═══ Data provided ═══

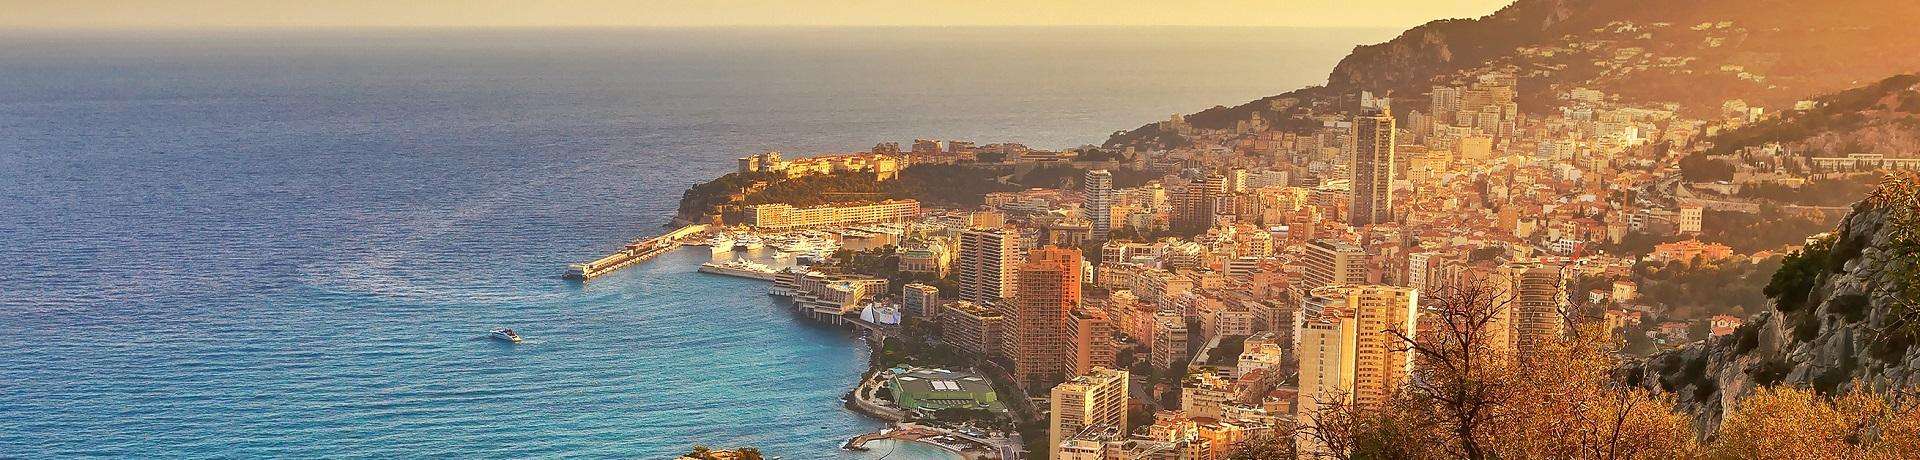 Monaco - Emotion
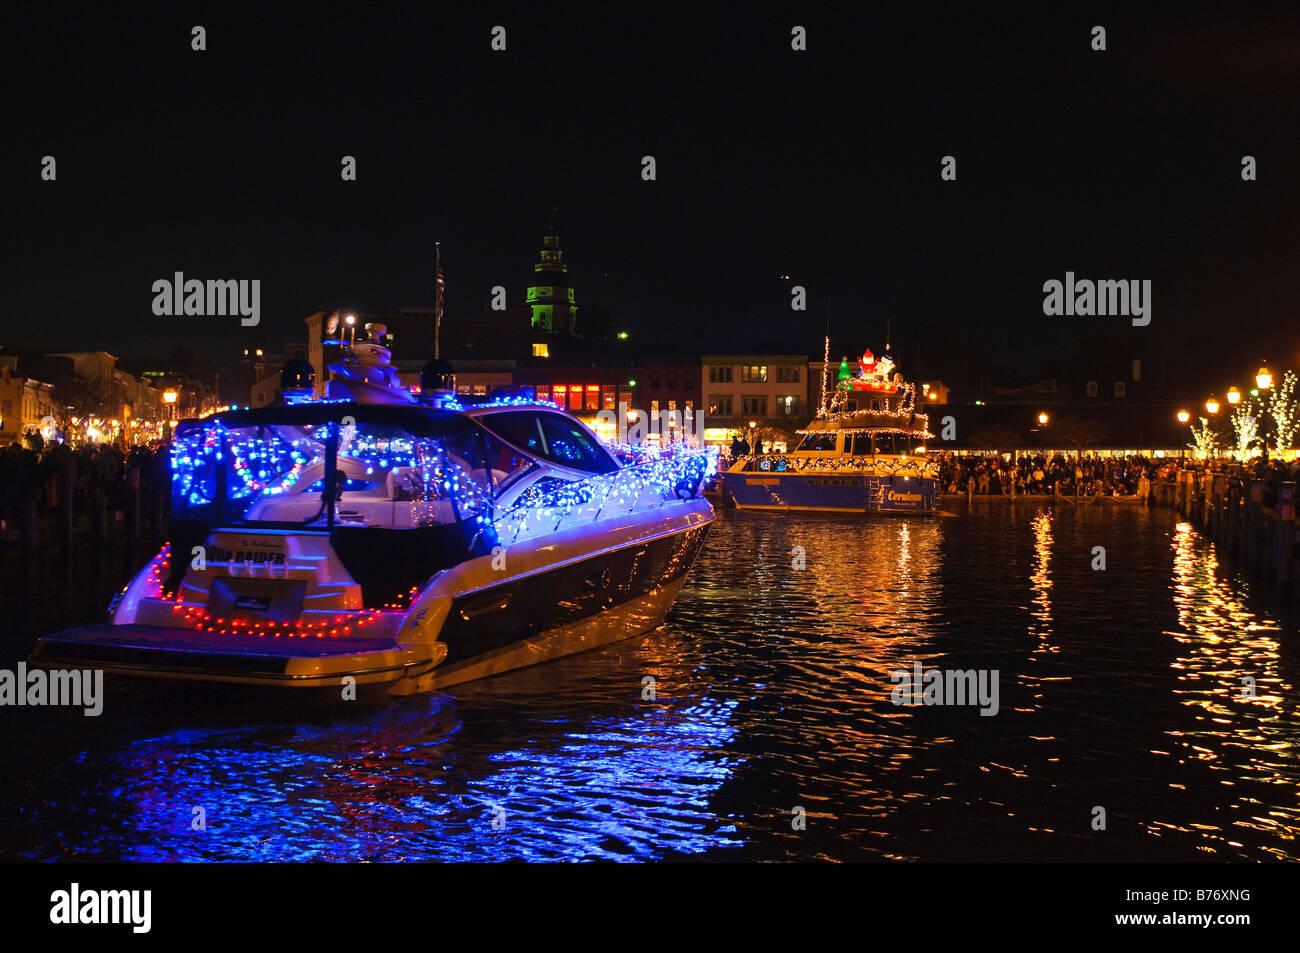 Boat Parade Lights Stockfotos & Boat Parade Lights Bilder - Alamy
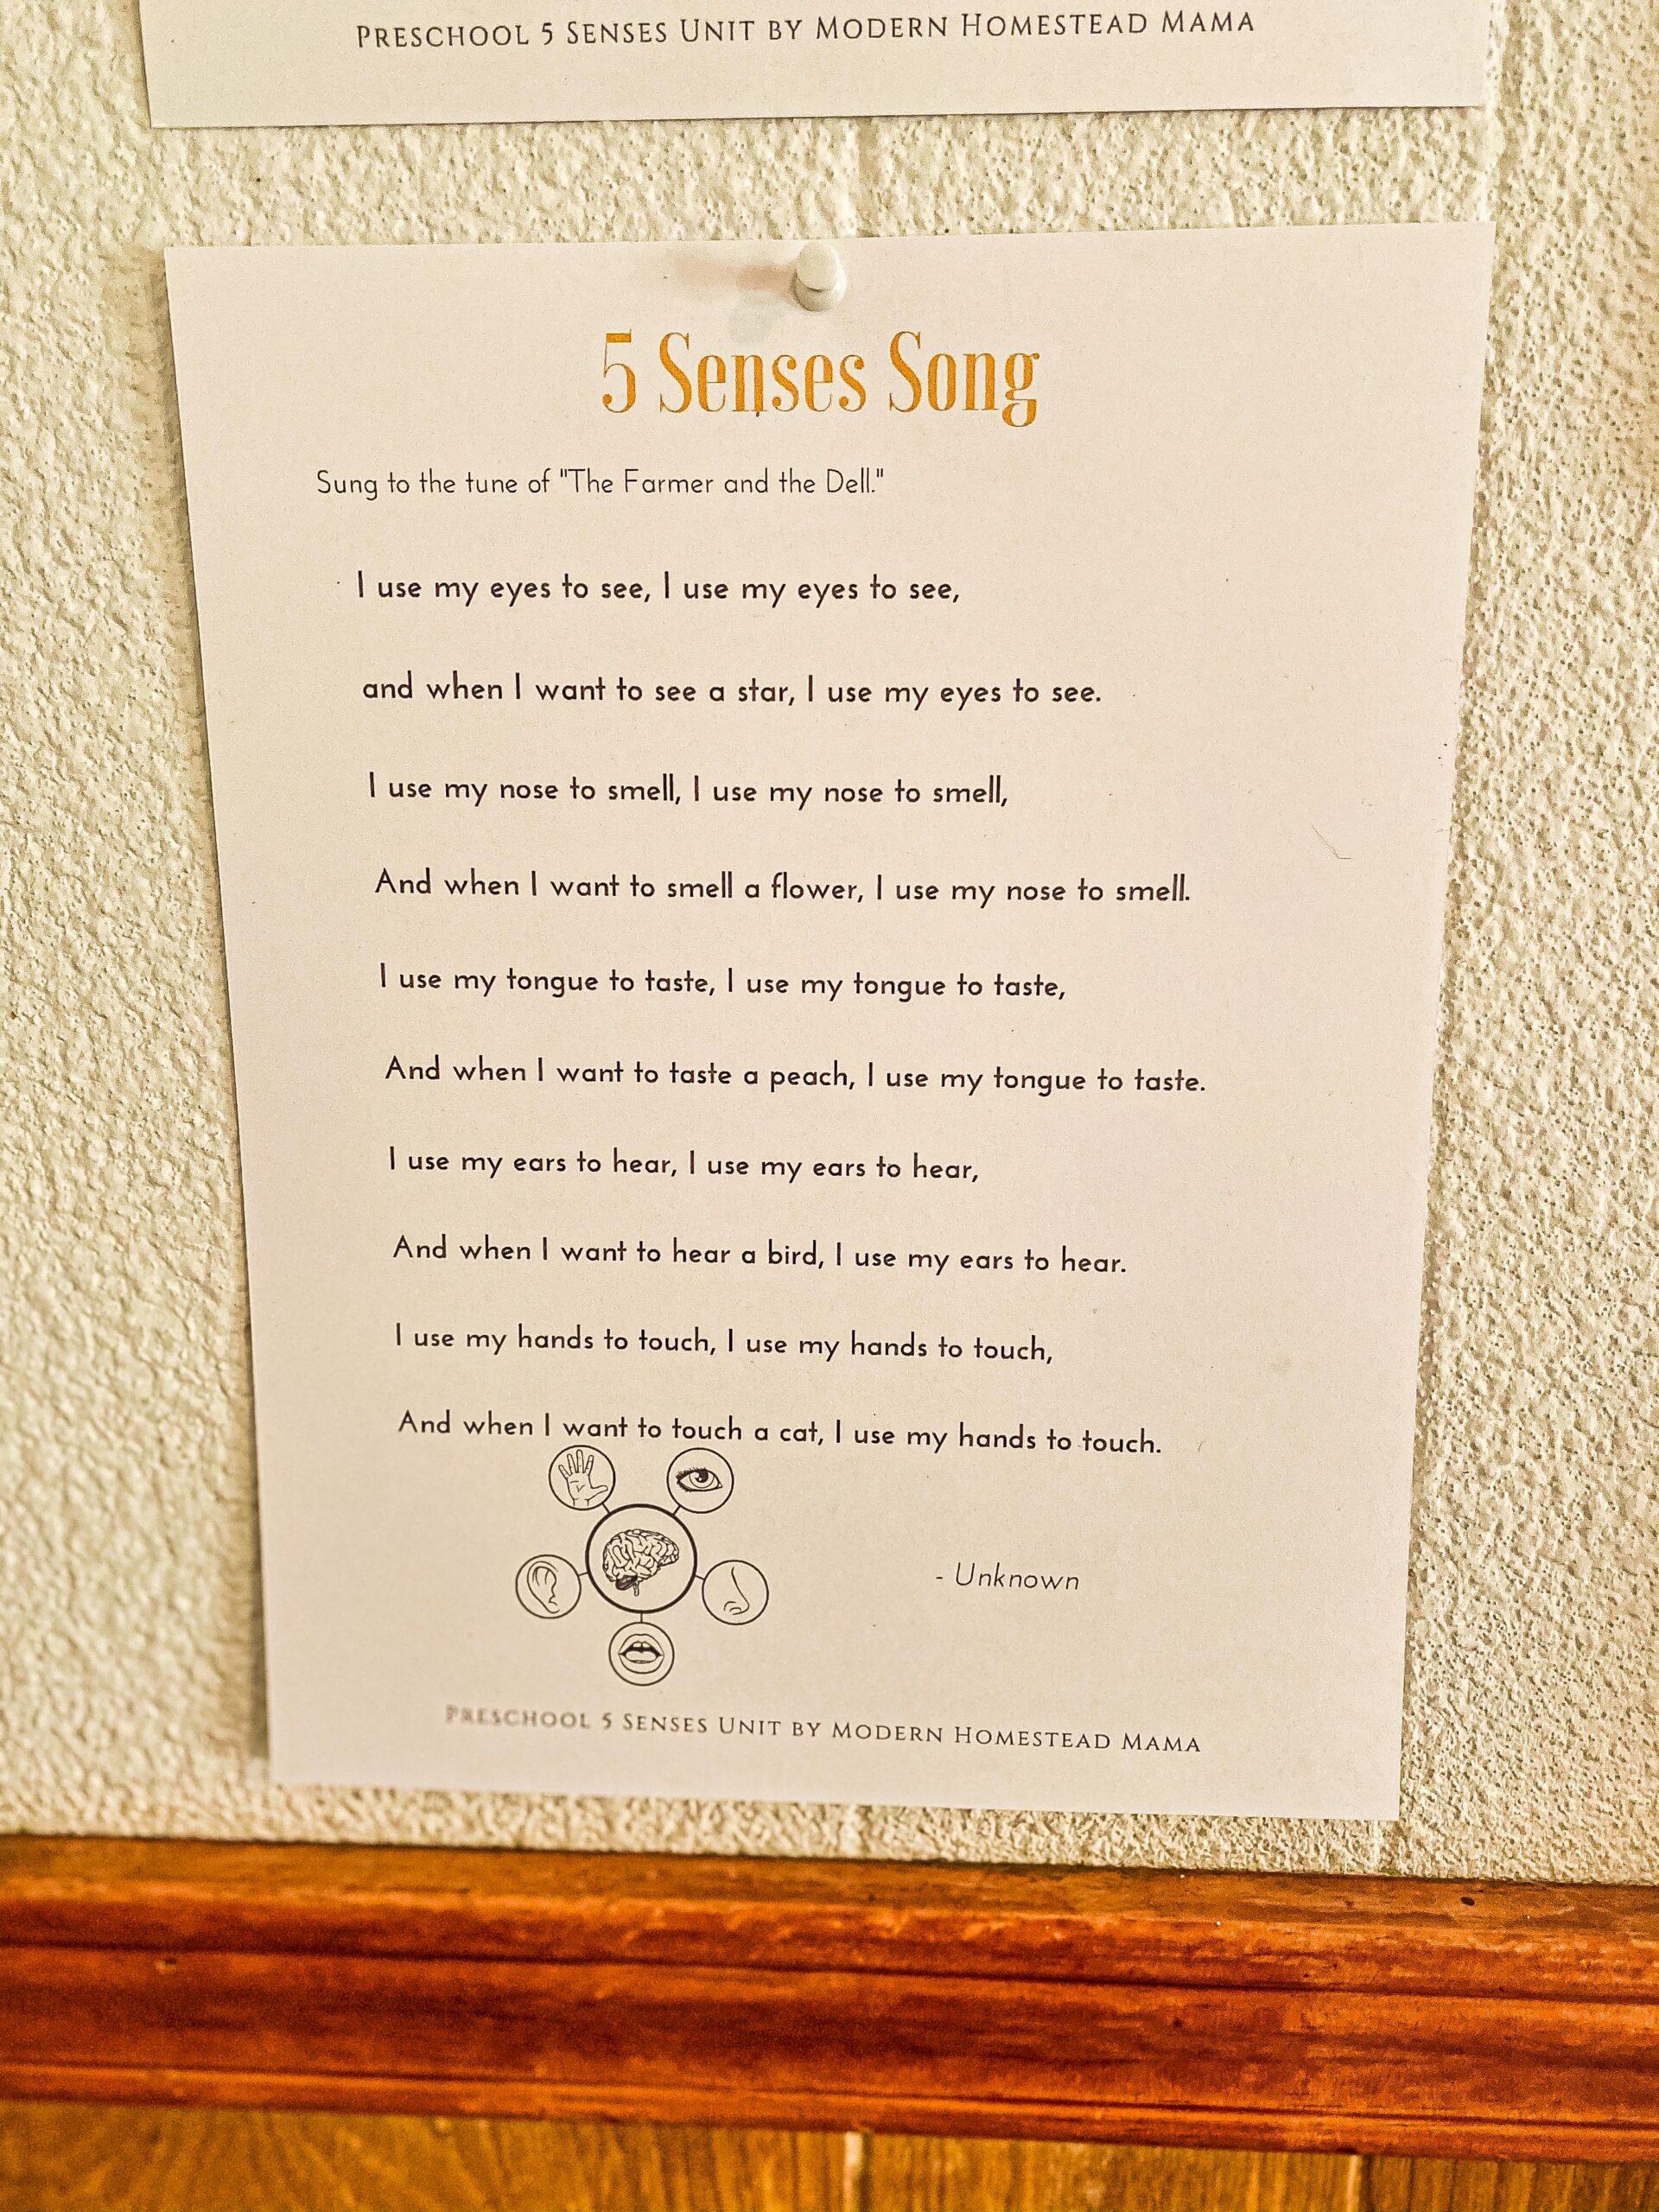 Five Senses Song for Preschoolers

═══

Work instructions. Would you mind transcribing the material exactly, without the pictures?

Solution for this task.
 Monaco - Emotion
 Boat Parade Lights Stockfotos & Boat Parade Lights Bilder - Alamy
 Five Senses Song for Preschoolers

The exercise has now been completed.